▶ _What the task asks_: The answer is to be the lines below that lie between the line holding "cabane hll exoscab 4 mezzanine de nuit" and the line holding "Cream Crochet Dress Front", inclusive, transcribed exactly and free of pictures.

▶ _Dataset_:
^^^^^^^^^^^^^^^^

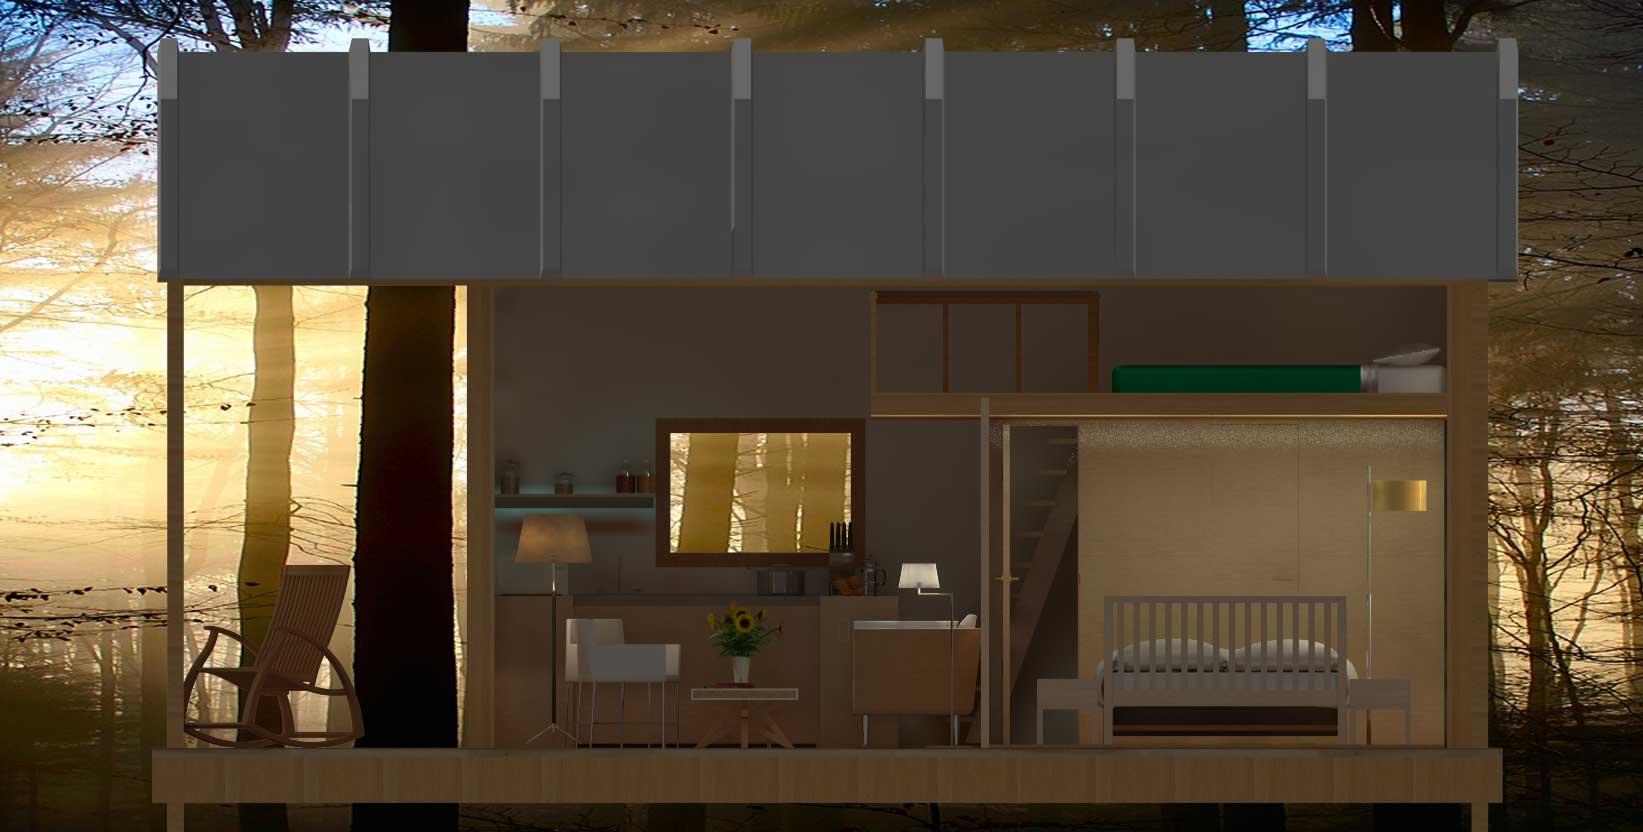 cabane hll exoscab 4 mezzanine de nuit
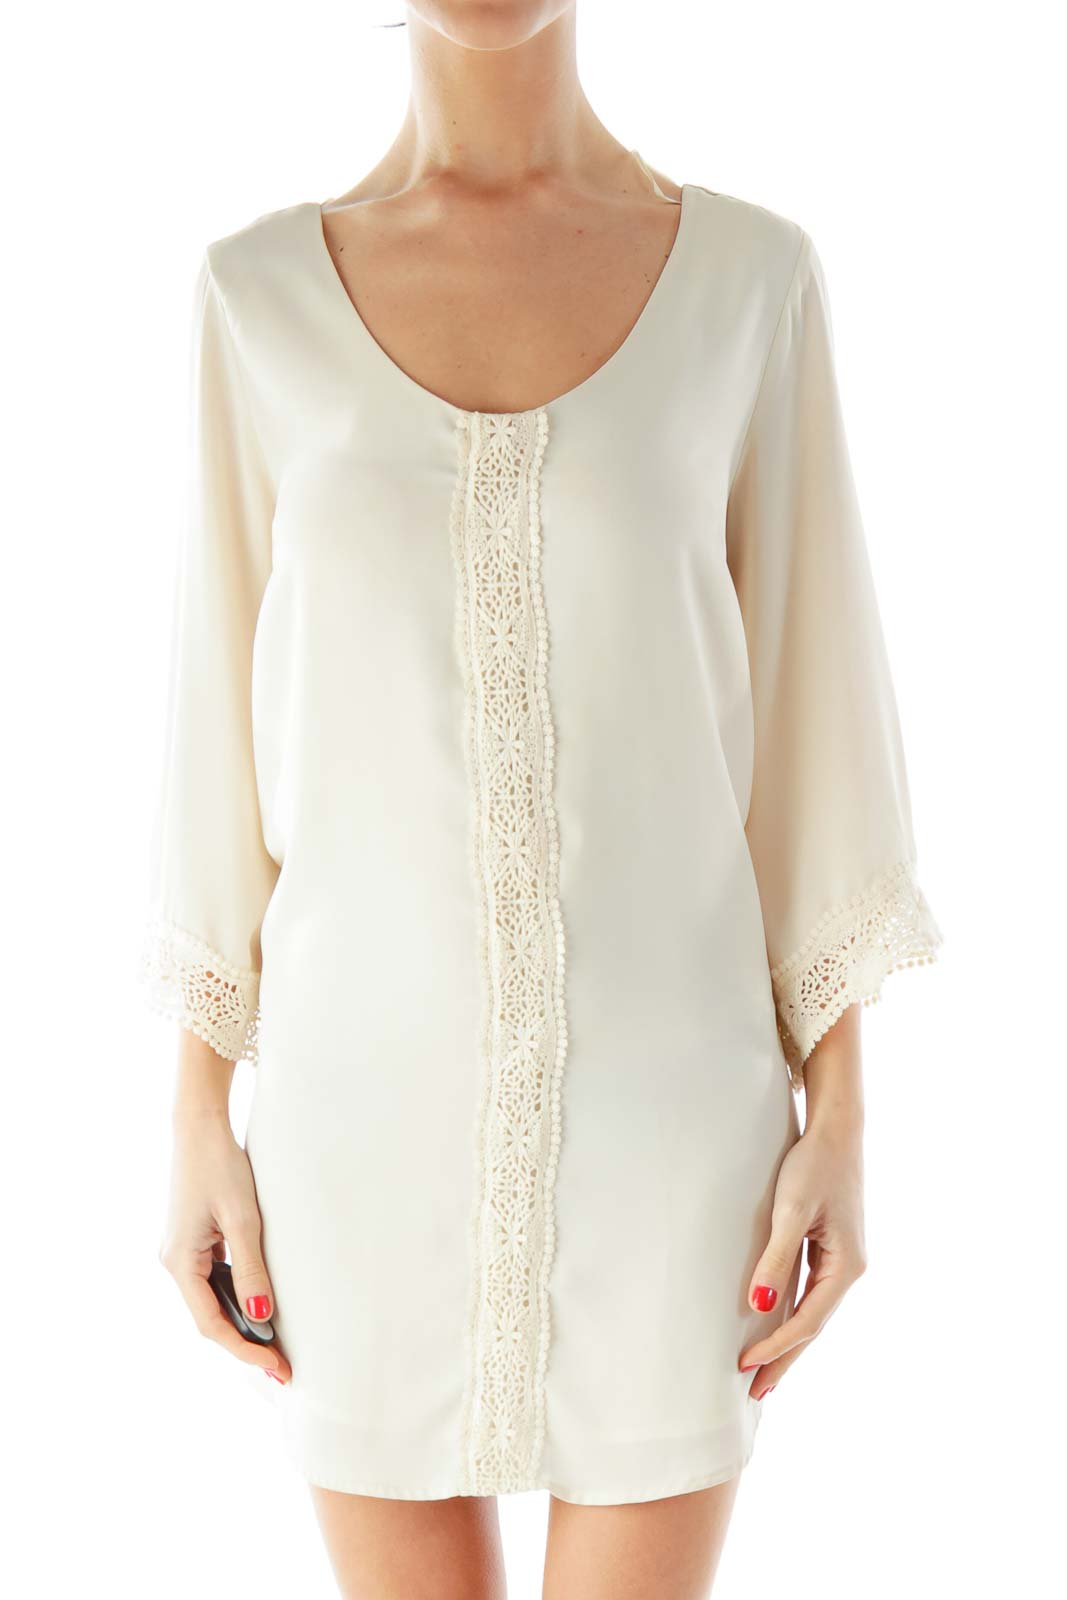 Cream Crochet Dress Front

^^^^^^^^^^^^^^^^

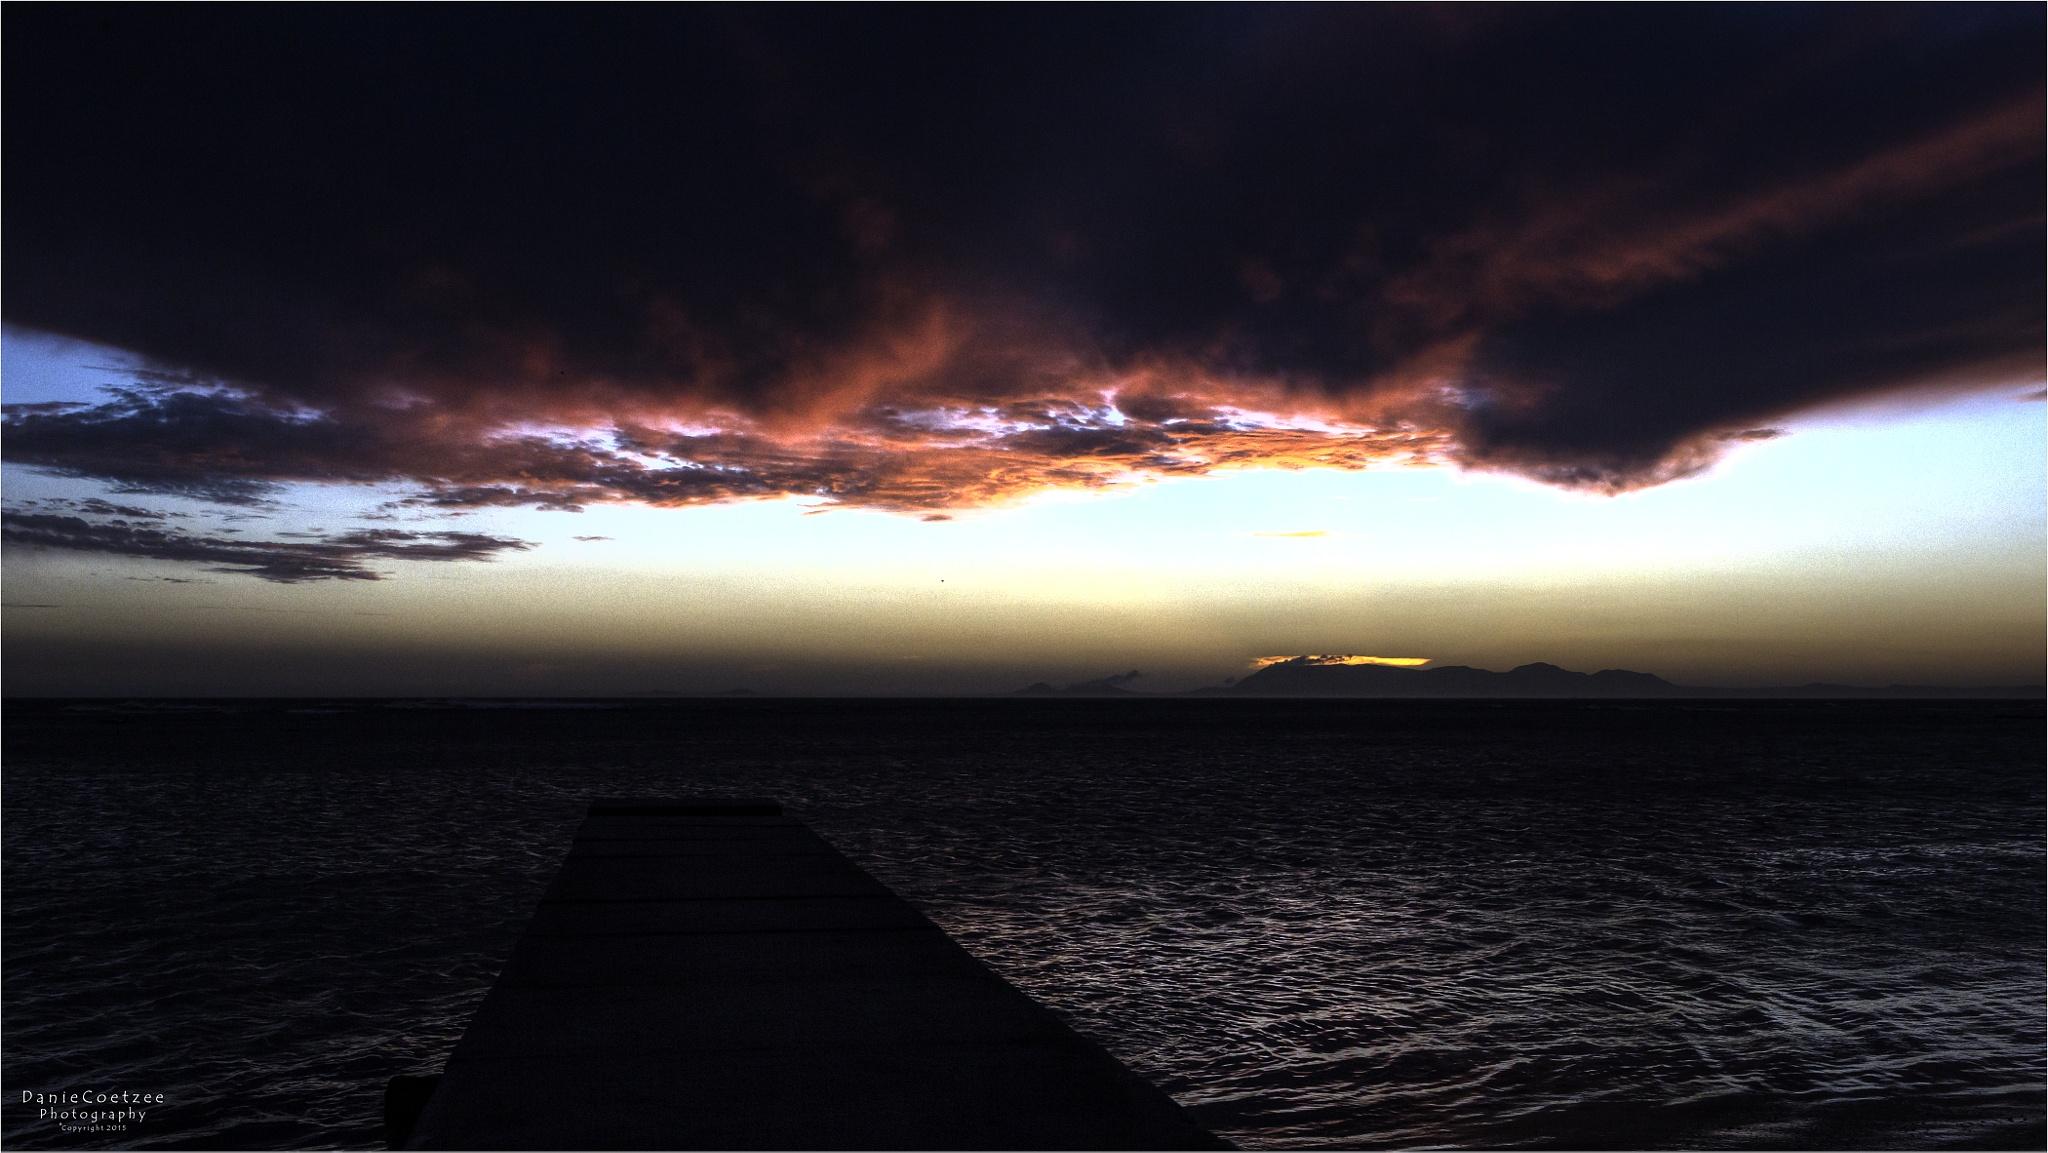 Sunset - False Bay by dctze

^^^^^^^^^^^^^^^^

▶ _Answer area_:
 cabane hll exoscab 4 mezzanine de nuit
 Cream Crochet Dress Front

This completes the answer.